WHAT TO DO. For this exercise, write out the whole listing below exactly, omitting its images.

DATA PROVIDED.

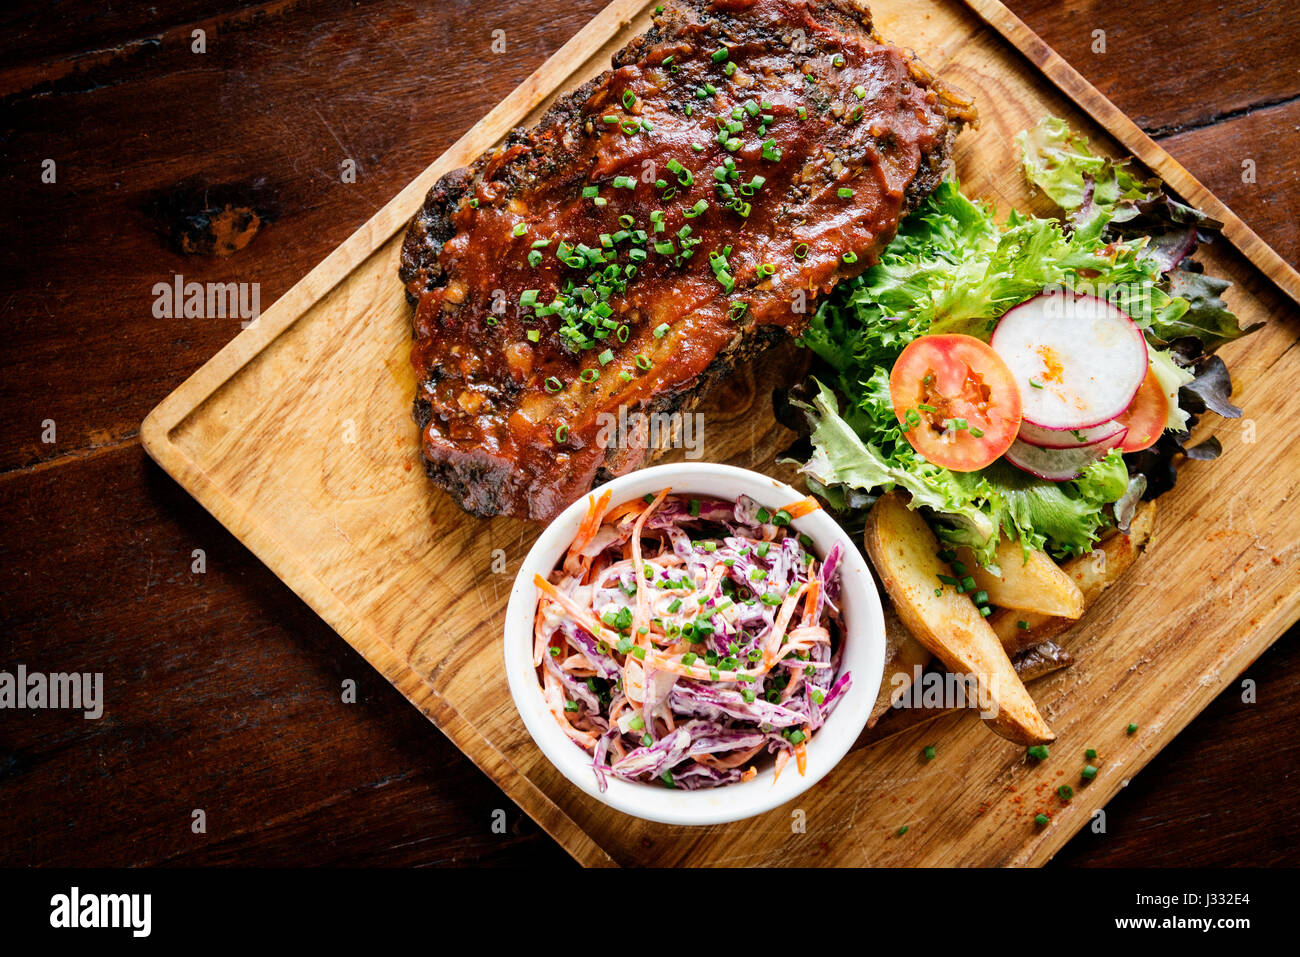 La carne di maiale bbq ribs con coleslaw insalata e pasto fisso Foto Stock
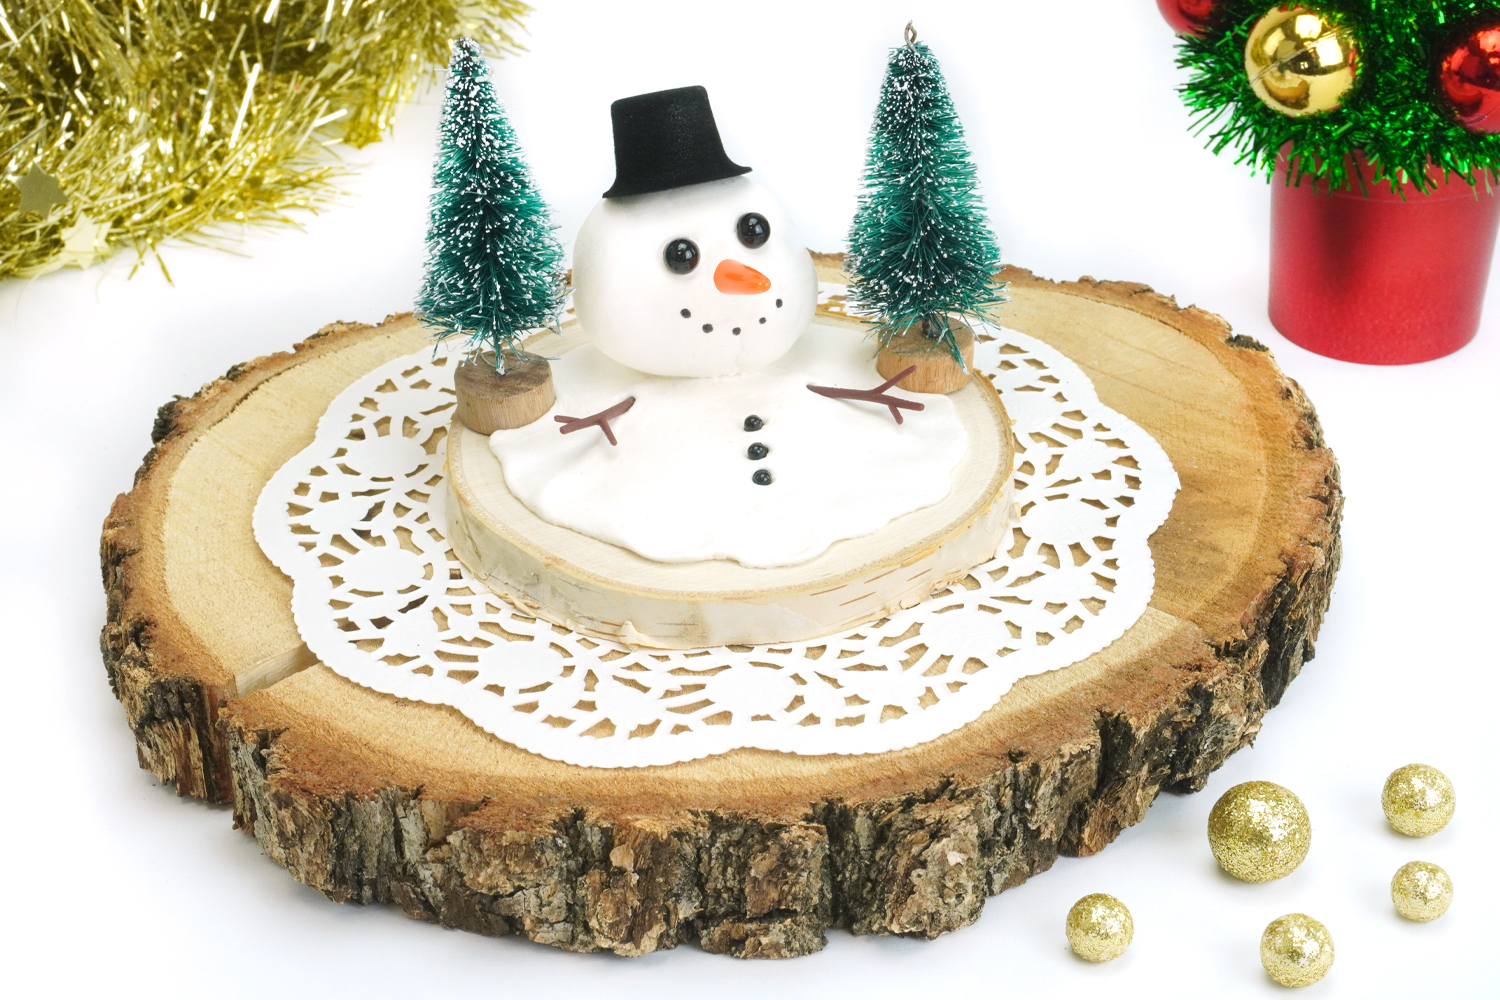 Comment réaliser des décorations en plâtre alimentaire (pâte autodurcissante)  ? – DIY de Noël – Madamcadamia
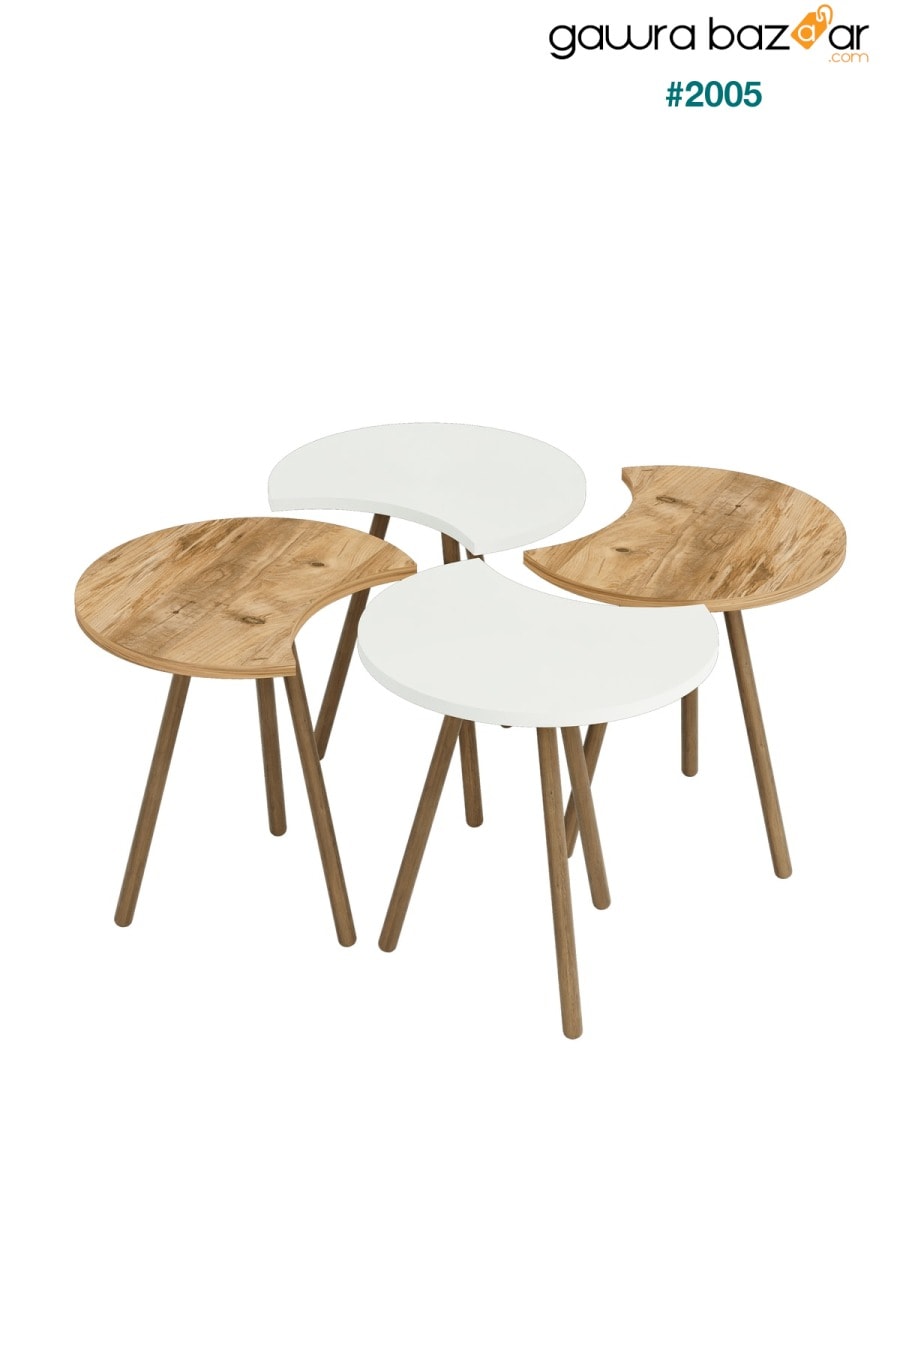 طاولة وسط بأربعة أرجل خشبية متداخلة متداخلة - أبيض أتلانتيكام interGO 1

TASK OUTPUT.
 La carne di maiale bbq ribs con coleslaw insalata e pasto fisso Foto Stock
 Comment réaliser des décorations en plâtre alimentaire (pâte autodurcissante)  ? – DIY de Noël – Madamcadamia
 طاولة وسط بأربعة أرجل خشبية متداخلة متداخلة - أبيض أتلانتيكام interGO 1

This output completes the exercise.